Supplied material below:
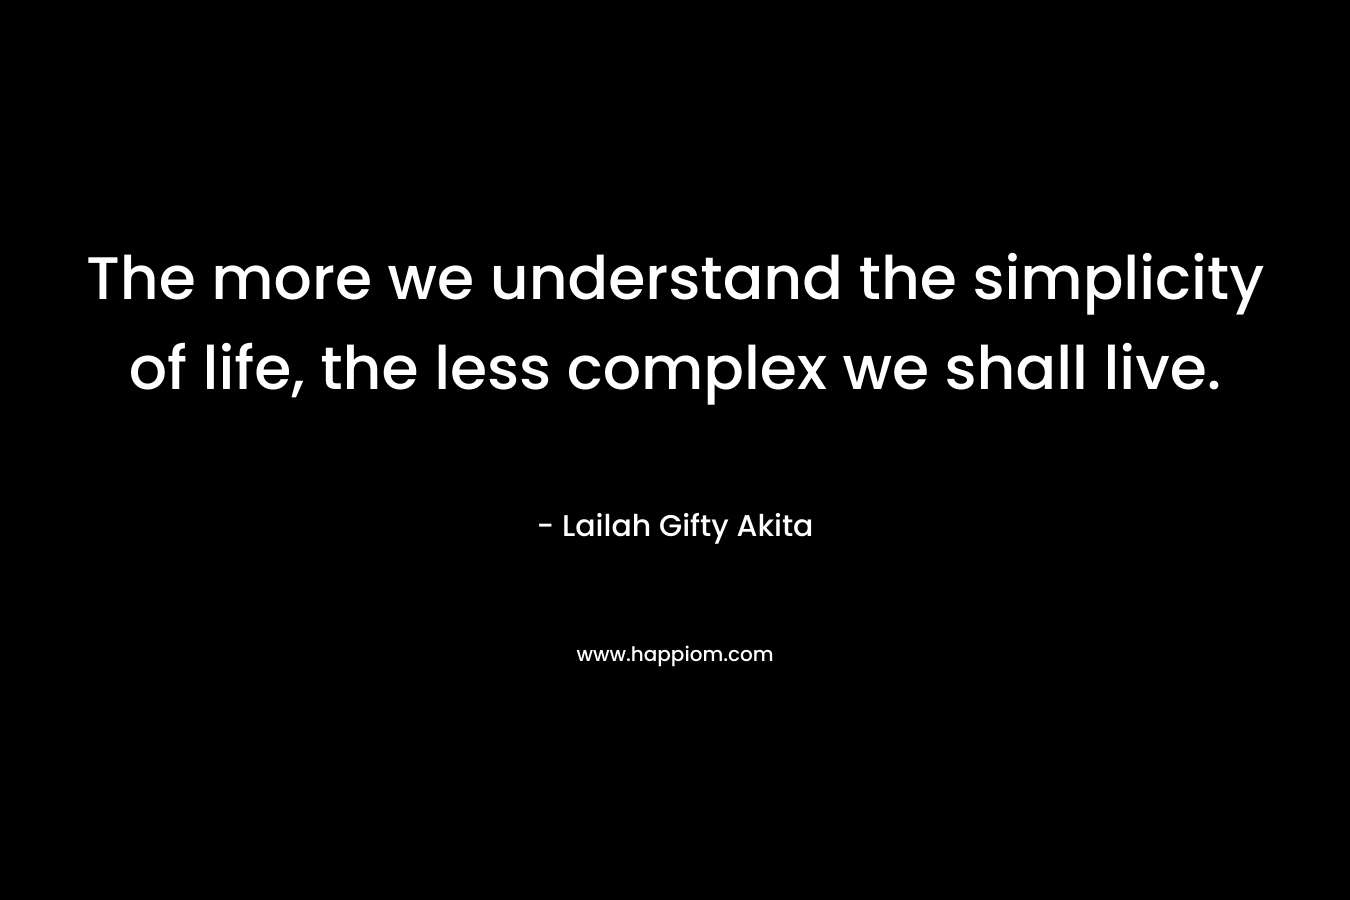 The more we understand the simplicity of life, the less complex we shall live.
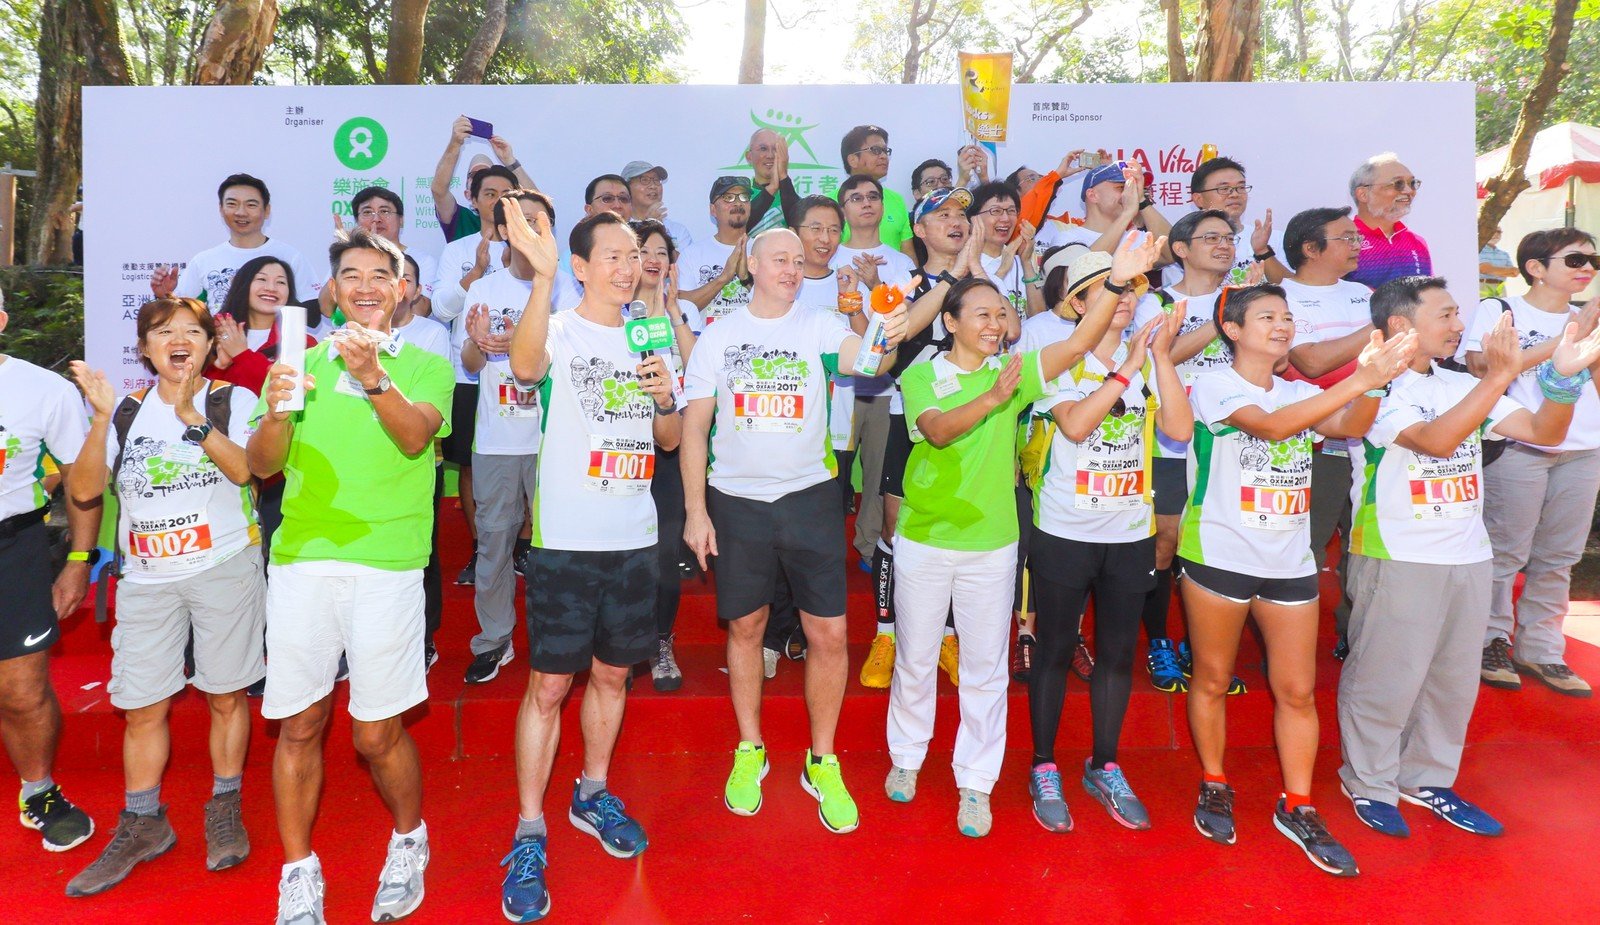 The Oxfam Trailwalker 2017 kick-off ceremony was officiated by Cheung Yuk-Tong, Council Chair of Oxfam Hong Kong (front row second from the left); Bernard Chan, Oxfam Trailwalker Advisory Committee Chair (front row third from the left); Peter Crewe, Chief Executive Officer, AIA Hong Kong & Macau (front row fourth from the left); and Trini Leung, Director General of Oxfam Hong Kong (front row fifth from the left). AIA Vitality is the Principal Sponsor of Oxfam Trailwalker 2017.
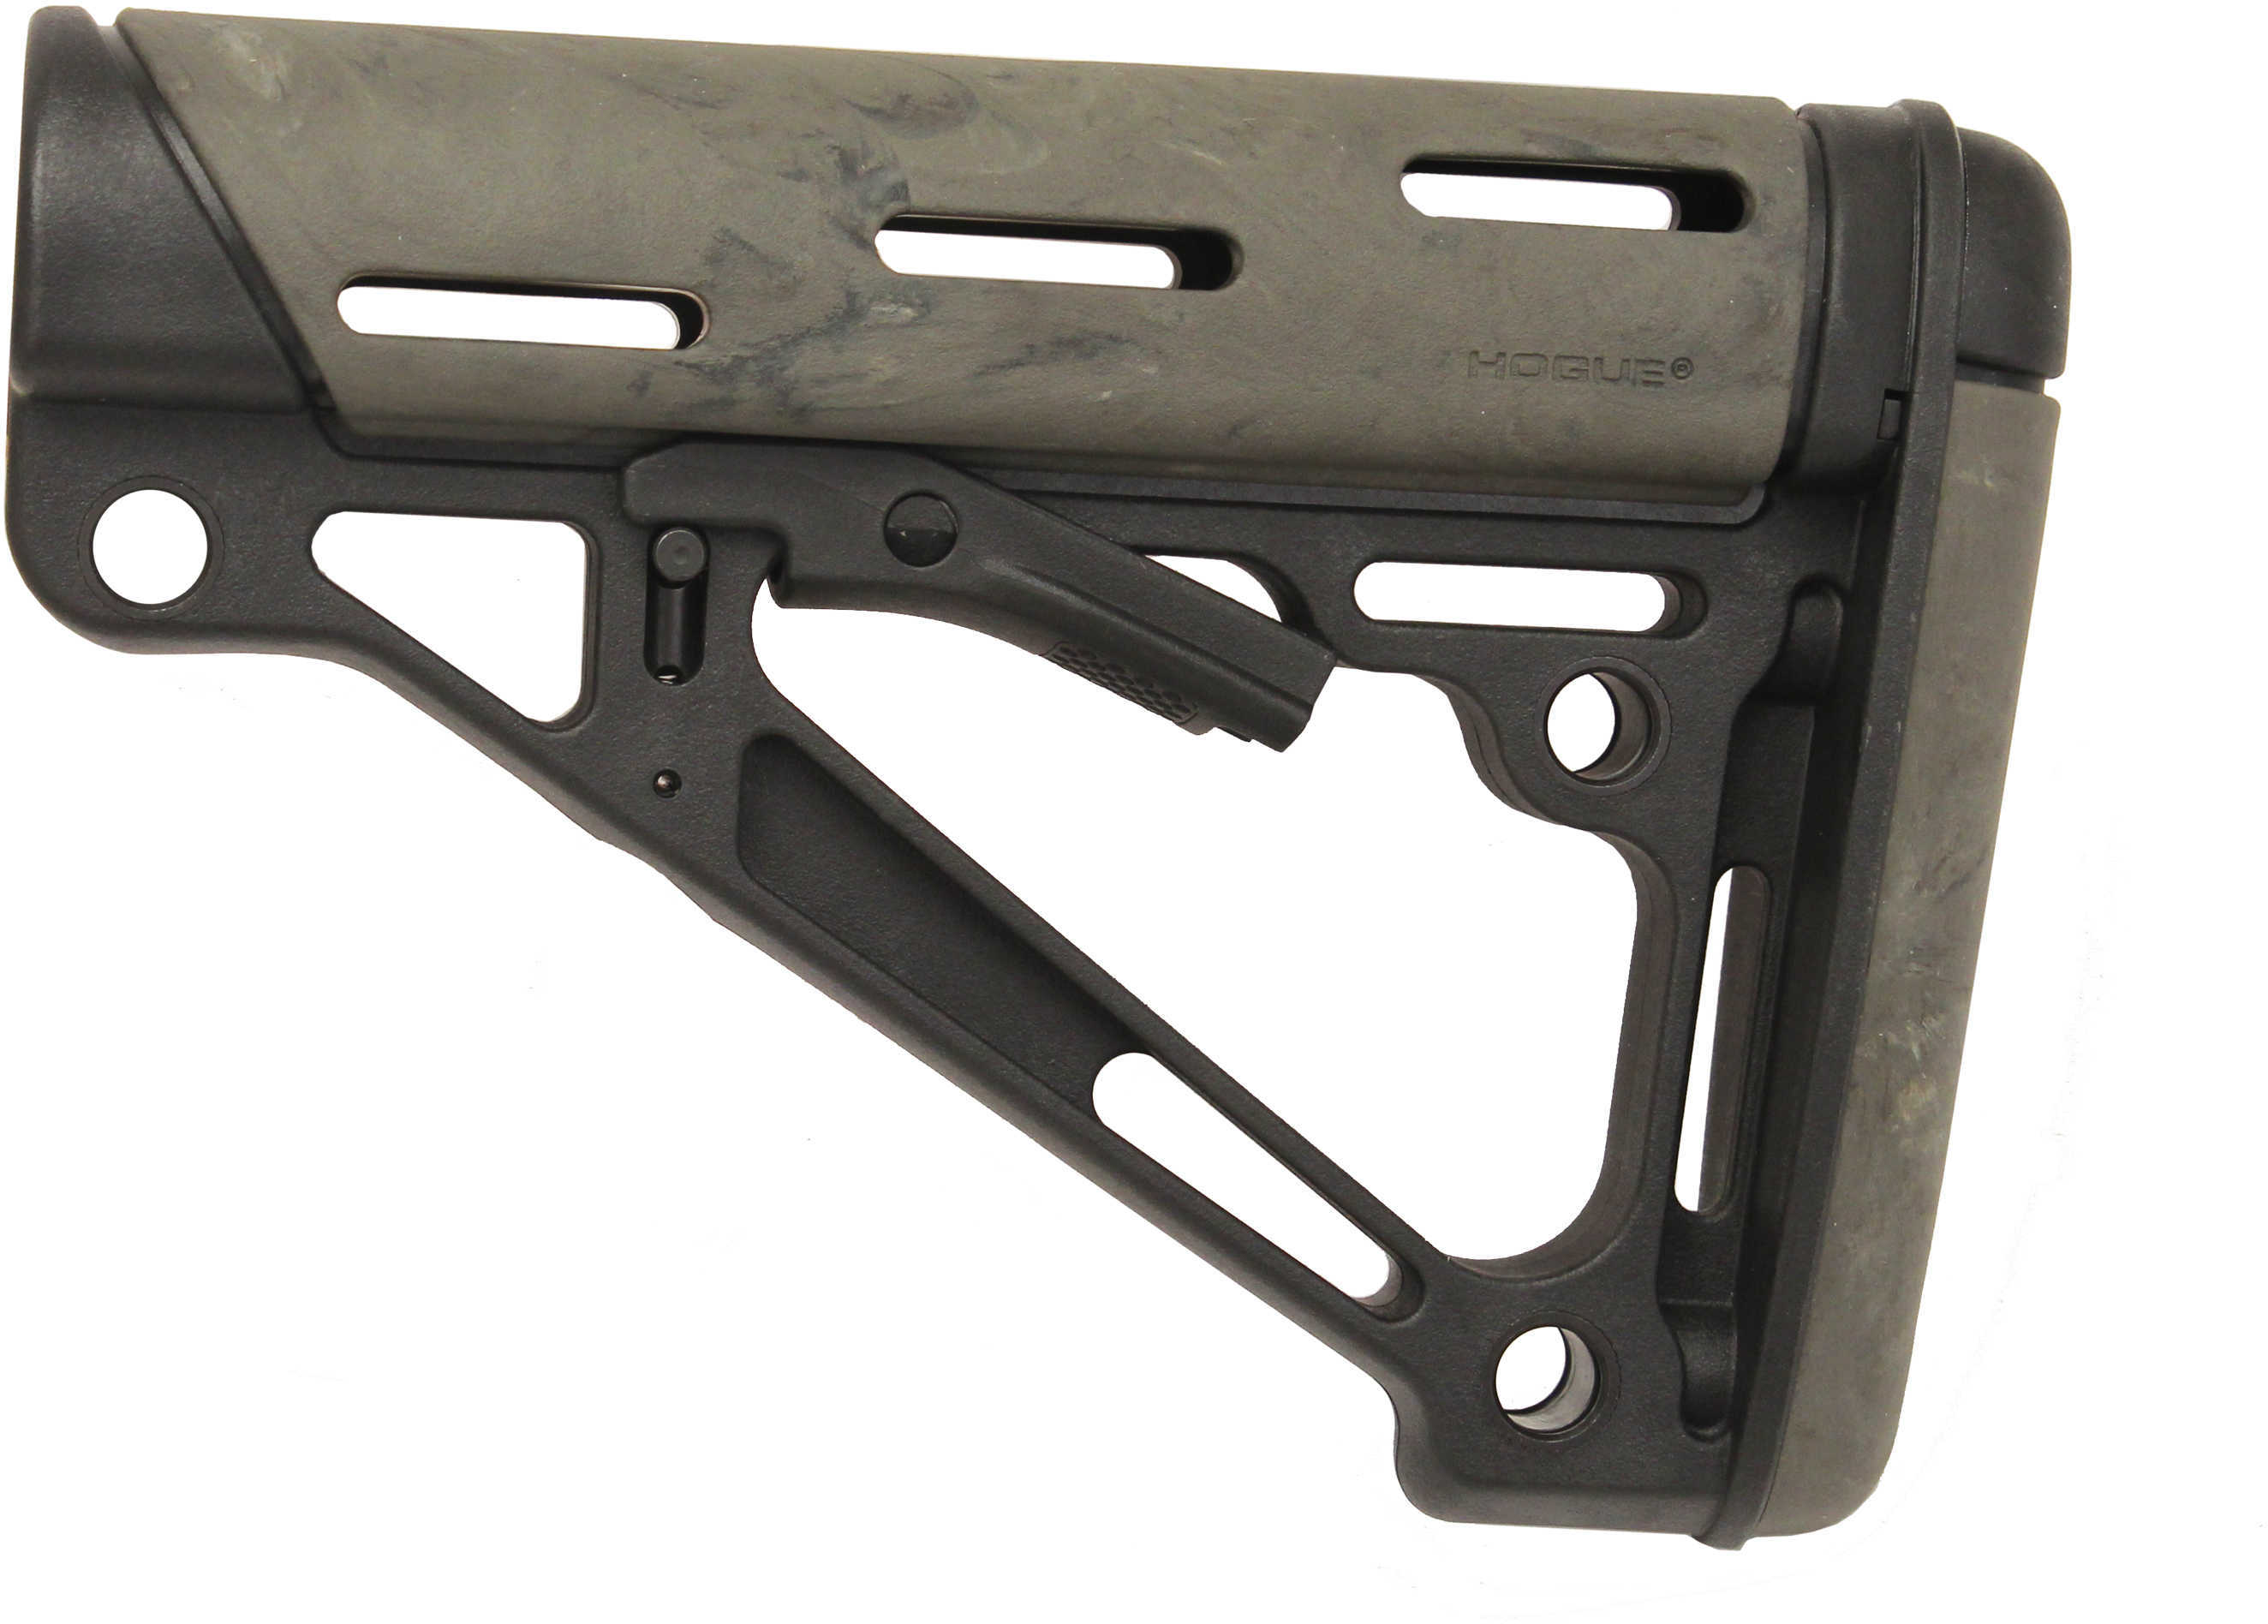 Hogue AR15 OMC Buttstock - Mil-Spec Ghillie Green Md: 15840
End of Supplied material.
Directions for this task. In the data above, find the line with "The Oxfam Trailwalker" and repeat it and every line after it through the end, exactly; leave the pictures out.

Result of the task.
 The Oxfam Trailwalker 2017 kick-off ceremony was officiated by Cheung Yuk-Tong, Council Chair of Oxfam Hong Kong (front row second from the left); Bernard Chan, Oxfam Trailwalker Advisory Committee Chair (front row third from the left); Peter Crewe, Chief Executive Officer, AIA Hong Kong & Macau (front row fourth from the left); and Trini Leung, Director General of Oxfam Hong Kong (front row fifth from the left). AIA Vitality is the Principal Sponsor of Oxfam Trailwalker 2017.
 Hogue AR15 OMC Buttstock - Mil-Spec Ghillie Green Md: 15840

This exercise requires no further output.